FARMGATE PRICE: 30.000 COP/kg as parchment
FOB PRICE: $5.89/lb
LANDED PRICE: $8.80/lb

This lot was purchased by Unblended on behalf of Aviary directly from Jhon Didier, who was paid a farmgate price of $30.000 COP/kg. Including the milling performance and exchange rate at time of conversion, this translates to approximately $3.48 per pound as exportable green coffee. In comparison, on February 8—the day that Jhon sold his coffee—the price offered by the FNC was approximately $11.840 COP/kg.

The export margin—$2.41—is high, even for specialty Colombian standards—and is attributable to Unblended's unconventional model, high operating costs relative to its size, and focus on smaller volumes (like Aviary). Because Unblended does not own its own mill, it must rent milling time; this is very expensive in Colombia, and options are limited.
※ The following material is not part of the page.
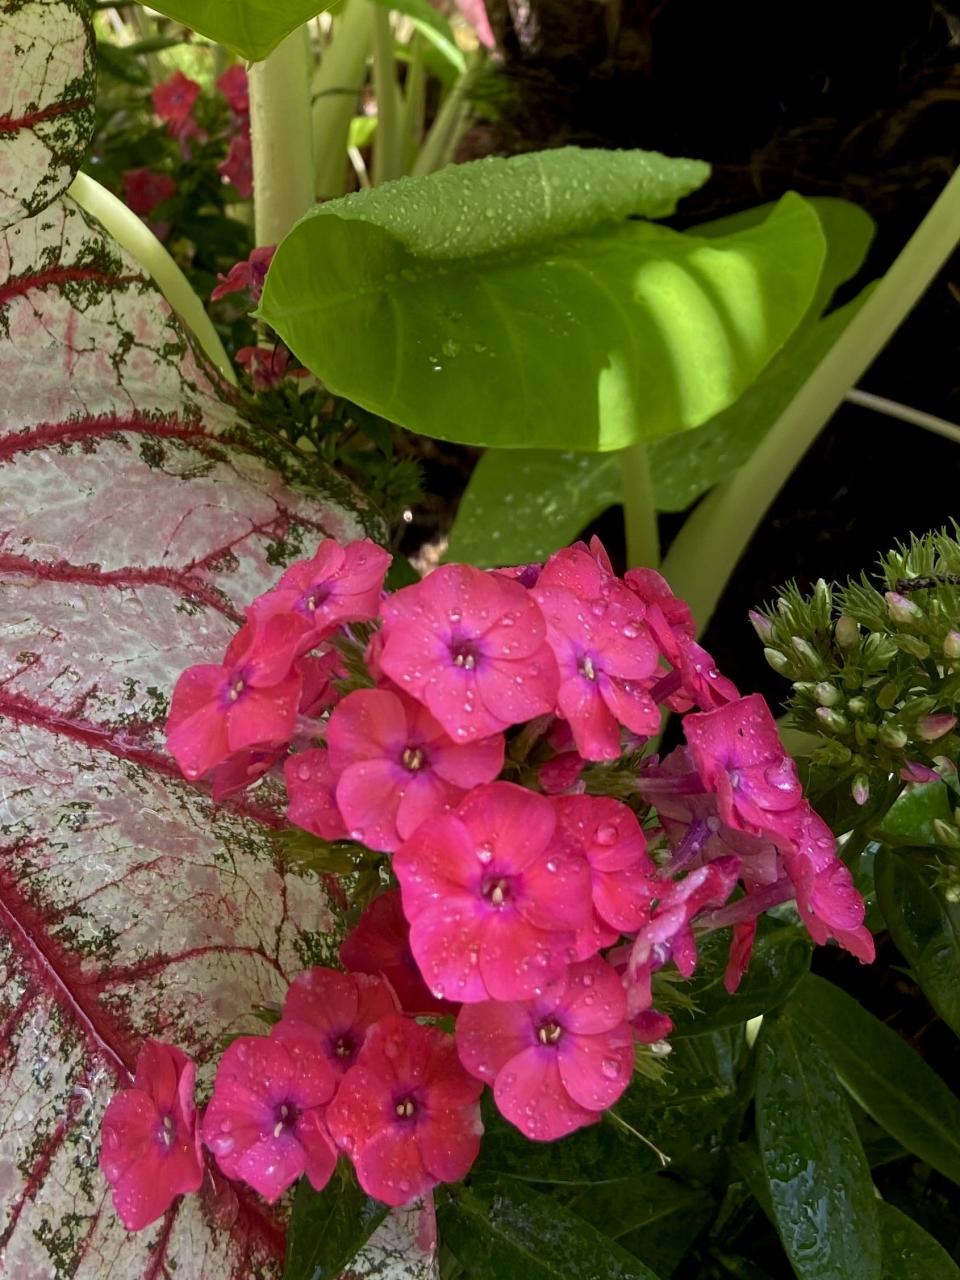 The colors of Heart to Heart, Bottle Rocket caladiums echo the rich color of Luminary Sunset Coral tall garden phlox.

All of their coffee must first be transported to Armenia for milling and then to export in Cartagena. These coffees are all vacuum-sealed, requiring additional labor and materials expense, and trade financing for smaller volumes of "high risk" (high quality, expensive) coffees is extremely expensive.

Similarly, the import margin is quite high; this is because Unblended does not operate at sufficient scale to manage its own imports, instead relying on third parties to consolidate, ship, finance and provide customs brokerage for their coffees, which they then market to roasters in the U.S. Shipping containers of lower bulk density is more expensive, as is shipping to the West Coast, where this coffee landed.

Chiroso grown using organic methods at 1900 masl at Villa Flor in Urrao, Antioquia; every day Monday through Friday, coffee is selectively hand-picked and sorted for ripeness, floated, pulped immediately, and placed under cool, clean water to ferment; each day's pickings is added with coffee from the previous days and mixed; on Friday the lot is washed; the lot dries in marsequinas covered with plastic for 14-15 days.

This coffee is quite light; I recommend resting it for anywhere from 2-4 weeks from its roast date for filter brewing and 5-6 weeks for espresso-style preparation (though you may wish to try it earlier to enjoy how the coffee changes and opens over time). In earlier stages, a grapefruit acidity will be present, which modulates into tamarind and stonefruit with more rest.

As filter, I prefer a ratio of 1:17 using low-agitation methods of extraction resulting in 22-23% EY.